As I have gotten older, I have shifted one hundred eighty degrees in my attitude toward the penitential seasons of Advent and Lent. For many years the prospect of several weeks spent dwelling on matters of sin and repentance struck me as akin to taking very bad-tasting medicine as a child: necessary perhaps for spiritual health, but not the kind of thing one looks forward to.
These days however I find myself grateful that my home congregation is willing to linger over the Advent texts and disciplines and not rush too quickly into Christmas. The turnaround for me has come about as I have been struck with a common but under-appreciated feature of the Christmas message: God sent to us a Savior.
I think about all the different ways God could have reached out to our world: God could have sent someone whose primary mission was to be a teacher to offer us guidance and instruction. God could have sent a life-coach to inspire and direct us, or a sage to provide spiritual wisdom and insight, or a counselor to help us distinguish clearly the times we’ve gotten things right from those episodes when we have strayed from the path. Jesus helps us with all those things, of course, but they are not what the angels proclaim. The emphasis of the Christmas message lies elsewhere.

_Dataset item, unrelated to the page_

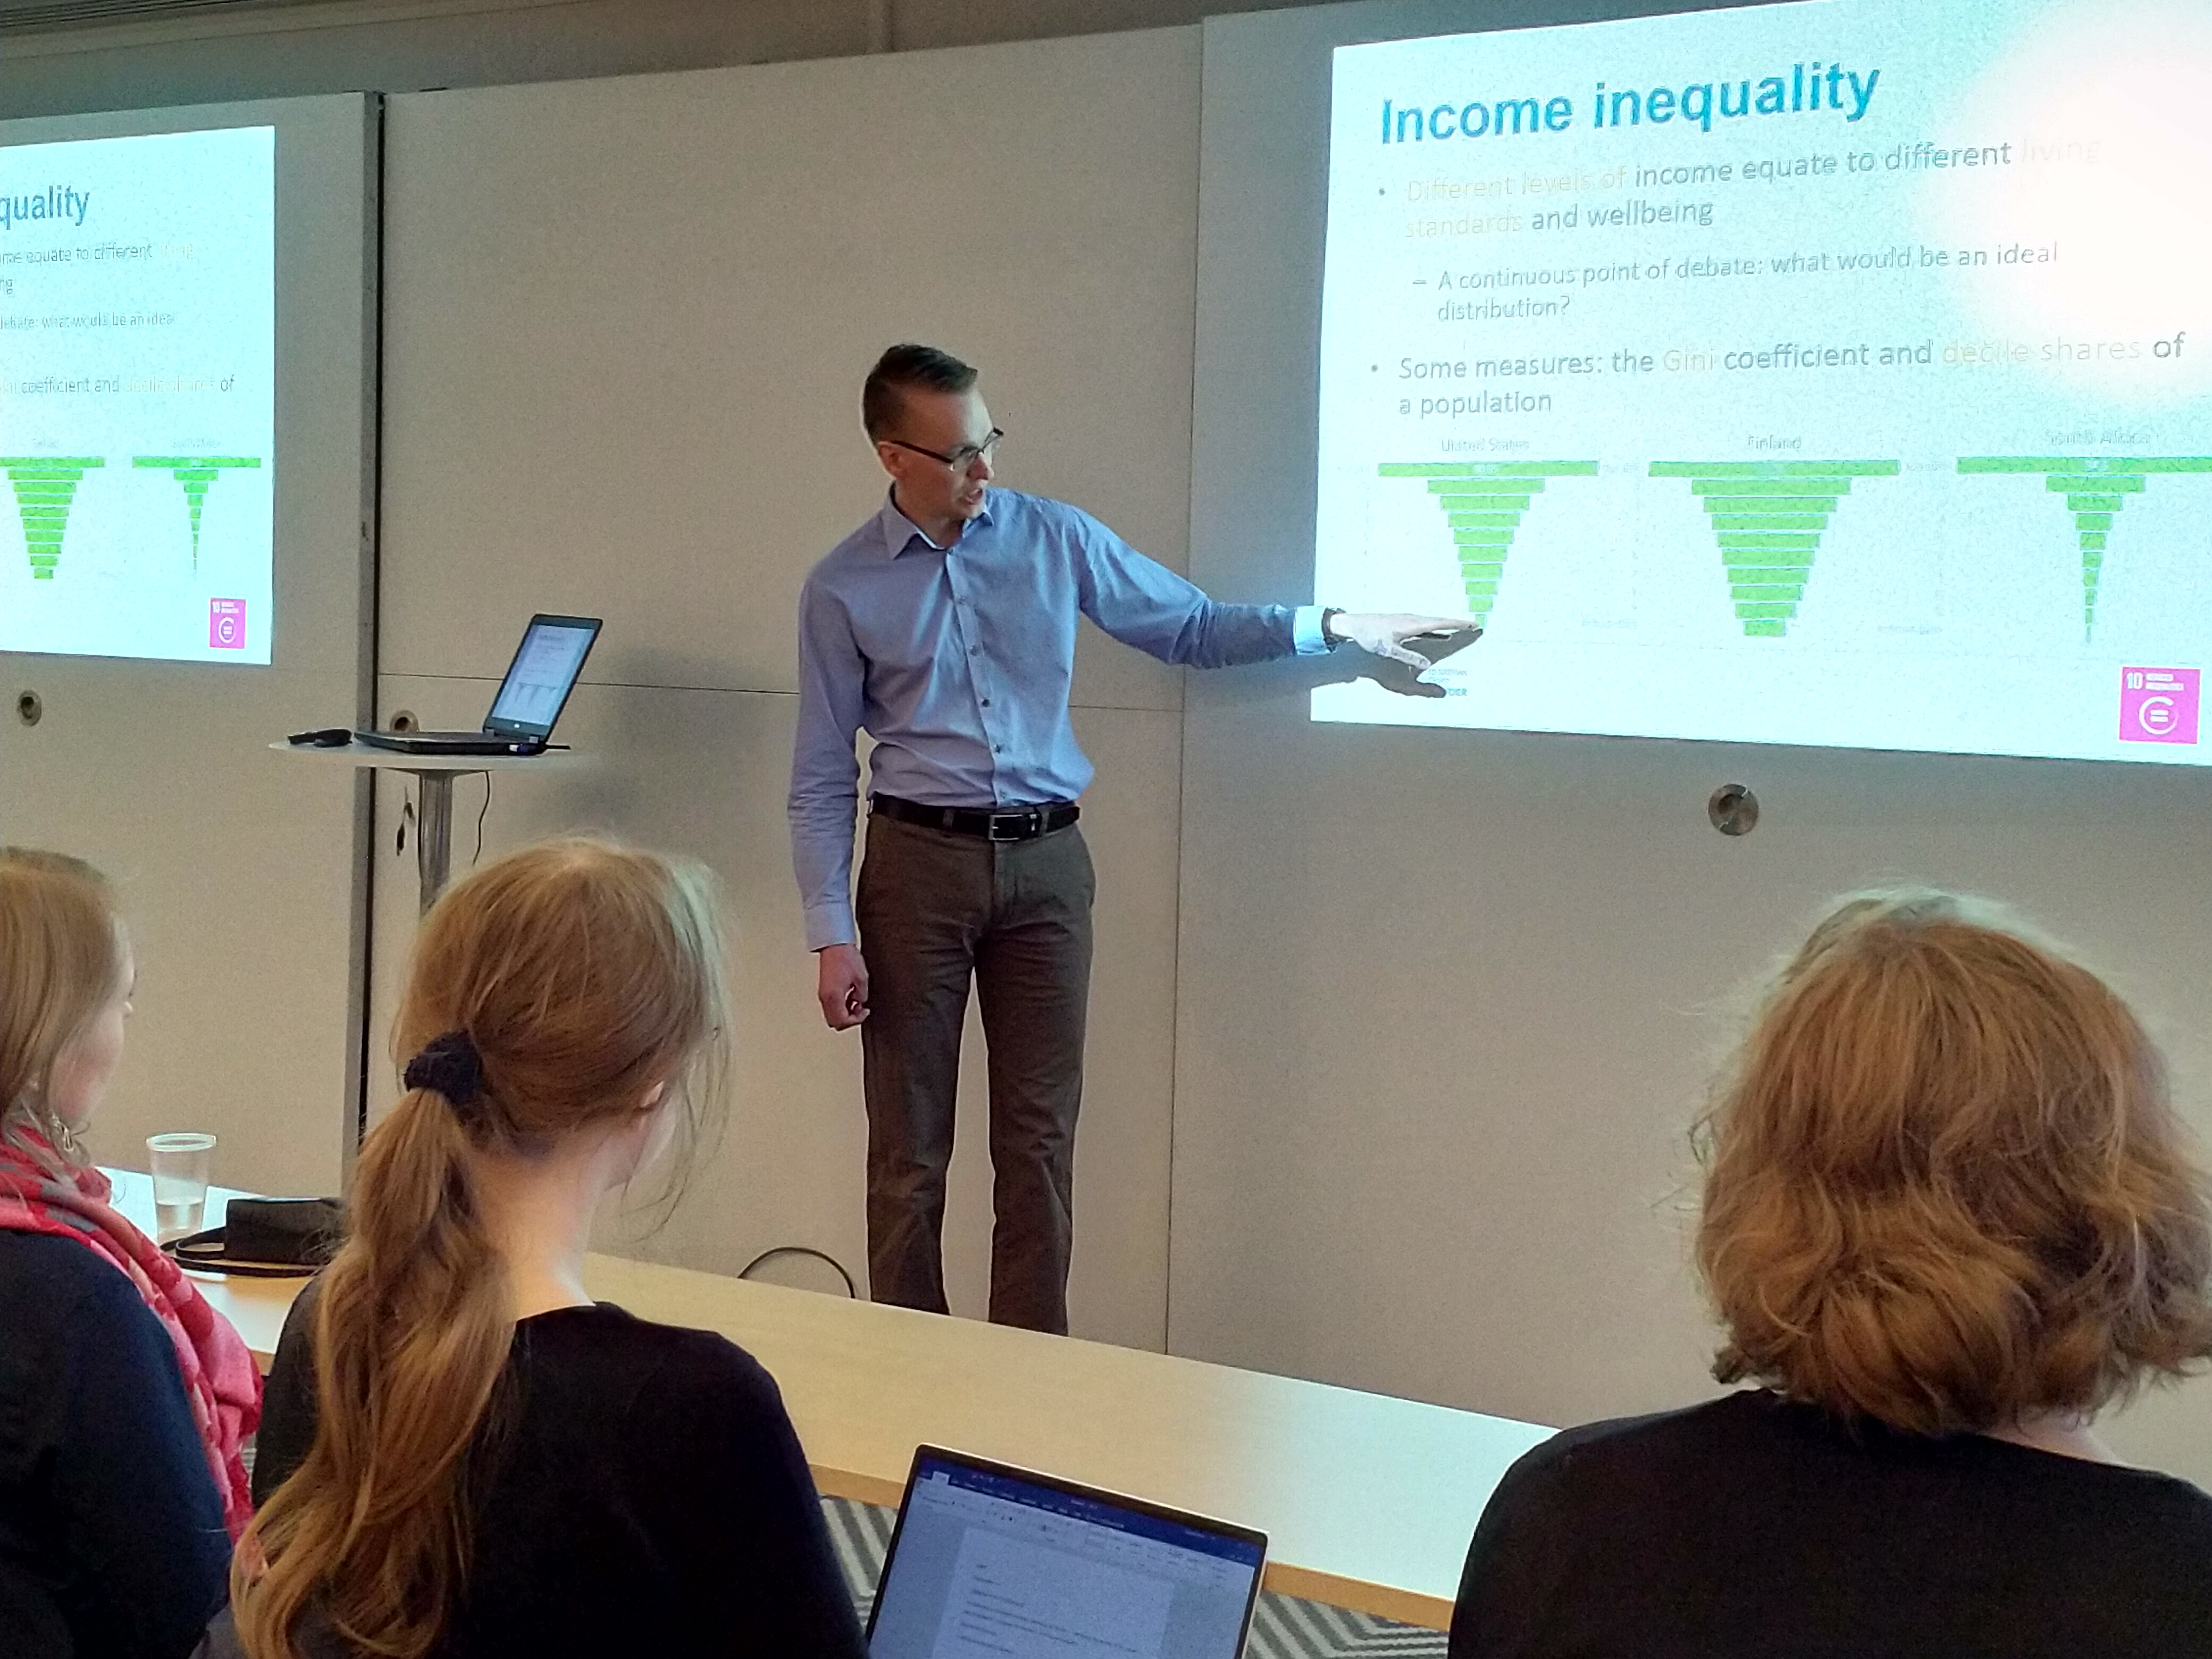 Antti presenting on Data for Development
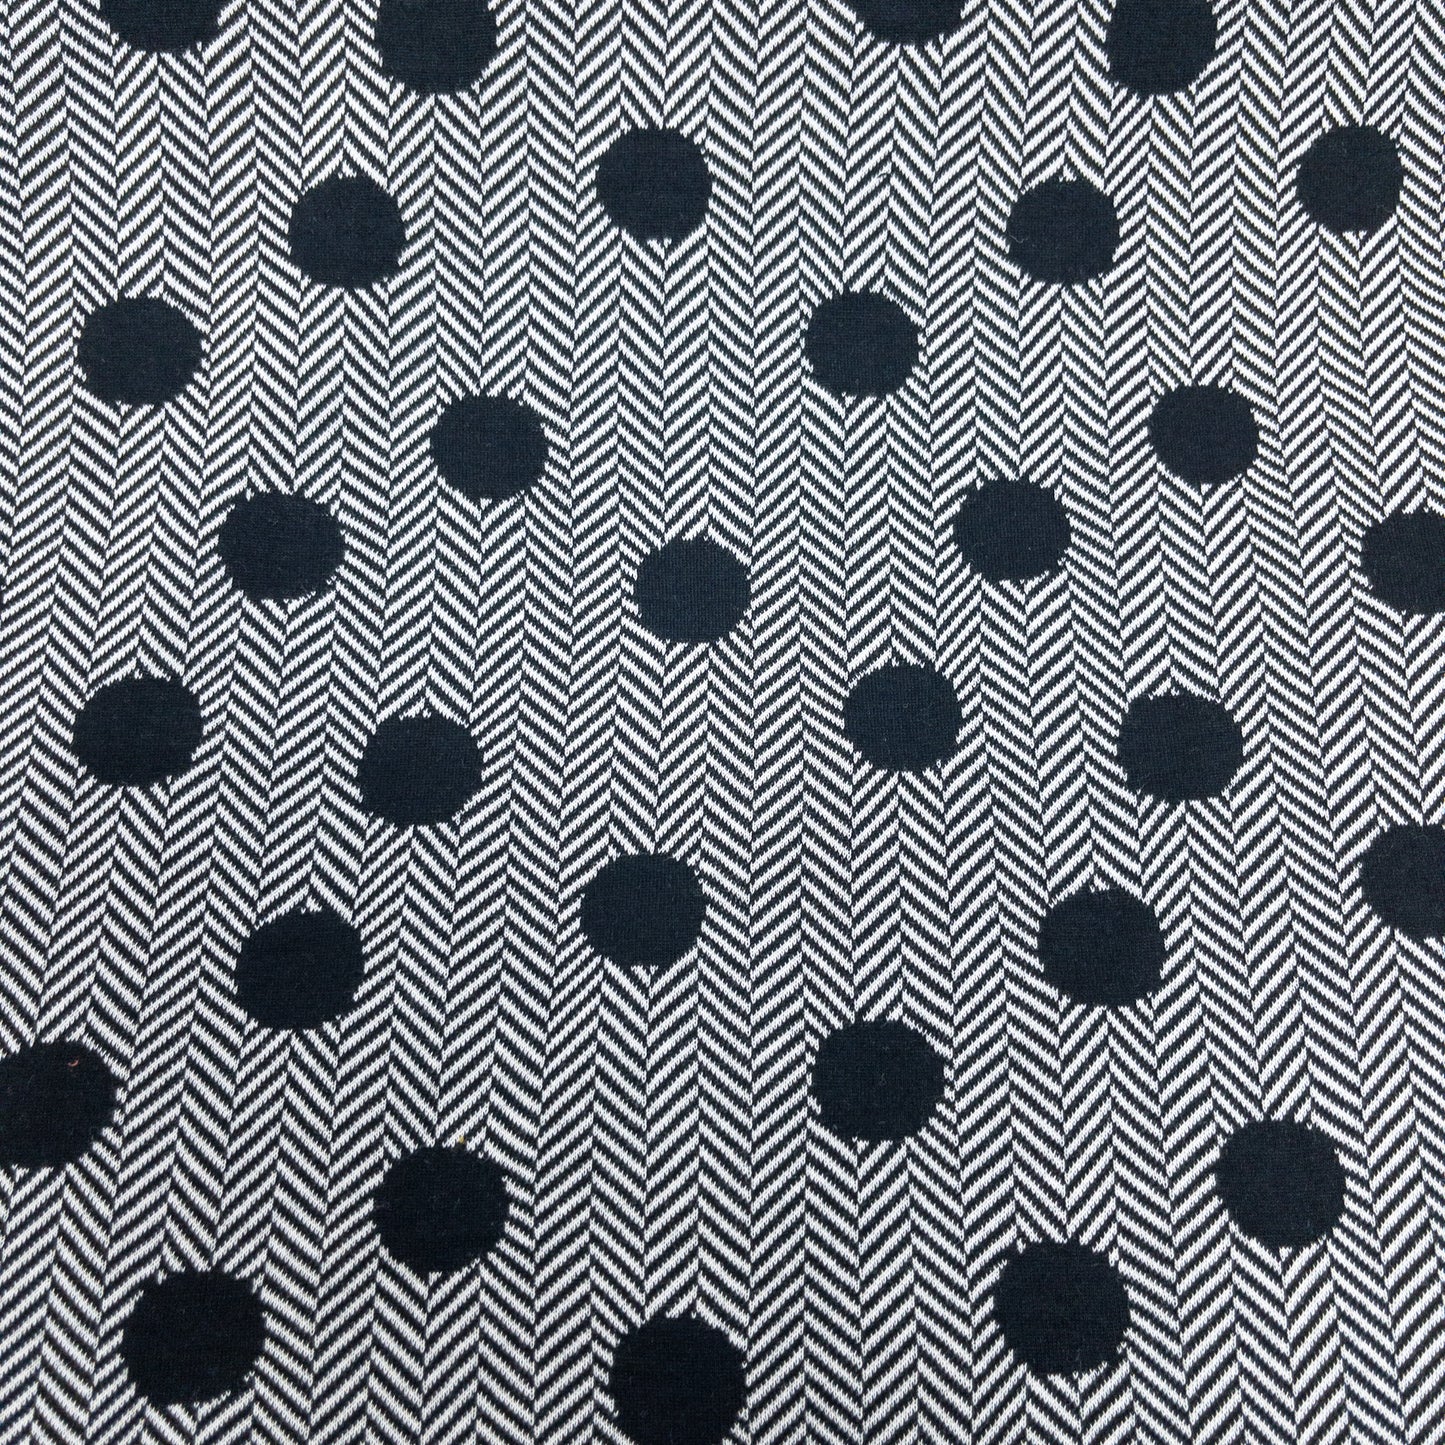 maffon | tweed dot black ivory 花呢圓點 黑+米色 | cotton jacquard knit 雙面純棉提花針織 - 160cm

God sends us a Savior…why? Evidently because we needed saving. The implications of that run deeper than we’re comfortable with sometimes. Admitting that we are the sort of people who need saving is a radical step.
People who need the occasional mid-course correction might benefit from an instructor or a coach, but they surely don’t need a Savior. Neither do people who simply require the occasional reminder to live the way they should, or those whose lives get a little ragged around the edges and need to be re-centered.
No, one sends a Savior to people who are without hope. Saviors are for the really unfortunate persons who face challenges and difficulties that are simply too big for them to deal with on their own. Saviors are needed for people who completely lack the resources to meet the challenges at hand, the hopeless cases who would be completely lost if left to their own devices. Could God really be thinking of us in that way, even now, after all these years of trying so hard to be good disciples?
For me Advent has become, along with Lent, a time for reflecting on why I would need a Savior. This spiritual discipline collides head-on with my own pretensions: I have the sense of having done a pretty fair job of being a Christian and a decent human being, though like everyone I’ve experienced the occasional slip-up around the margins, which I will address in the coming year by buckling down and trying harder. In the face of my spiritual complacency, Advent comes like a bucket of ice water to the face, reminding me that God still considers me a hopeless case—someone who needs a Savior! It’s jarring to contemplate.
Surprisingly, though, I find this reminder, as unsettling as it is, can also become the occasion of joy. The assertion that I am one who needs saving leads me to reflect on all those aspects of my life and world that really are beyond my capacity to deal with. This Advent I have been thinking about the disruptive economic forces that have sent nations and families and businesses careening like tiny boats on a storm-tossed sea, and that so far seem resistant to anyone’s efforts to tame them. The anxiety which follows close on the heels of these reflections provides an unsettling insight into how much my own sense of confidence and hope for the future is tied up with financial security and material prosperity.
I have also found myself thinking about mortality. Though blessed with relatively good health, at age 53 I find the sense of life’s finite limits becoming increasingly vivid. There just isn’t the sense anymore of a limitless expanse of time stretching out before me for the embracing what life has to offer. An end is coming, bringing with it heaven knows what in the way of grief and suffering, and while a healthy lifestyle can perhaps postpone it for awhile, in the end there’s nothing I or anyone can do to keep it from coming.
Such reflections by themselves would be terribly depressing, but in the context of Advent they serve to highlight the stunning import of the Christmas message: God sent a Savior. All the situations we identify as hopeless are not so. He came as light in the darkness, and he is coming again in glory to make all things new. None of the forces bigger than ourselves has ultimate power over us.
What would it look like for us to start living more from the truth of that? I think the repentance to which Advent calls us is first and foremost about learning to live fully in the light of what God has done, allowing God’s gift to banish our hopelessness and the destructive anxiety which follows so closely on its heels. What does it feel like when God’s gift of a Savior starts to overcome our fear of all the earthly powers and forces and situations we assumed had control over us? Such liberation, I suspect, may have us singing along with the angels before we know it!
“For unto you is born this day in the city of David a Savior, which is Christ the Lord.” May God grant all of us grace this Advent to enter more deeply into this astonishing news!
Mark Achtemeier teaches Theology and Ethics at Dubuque Theological Seminary.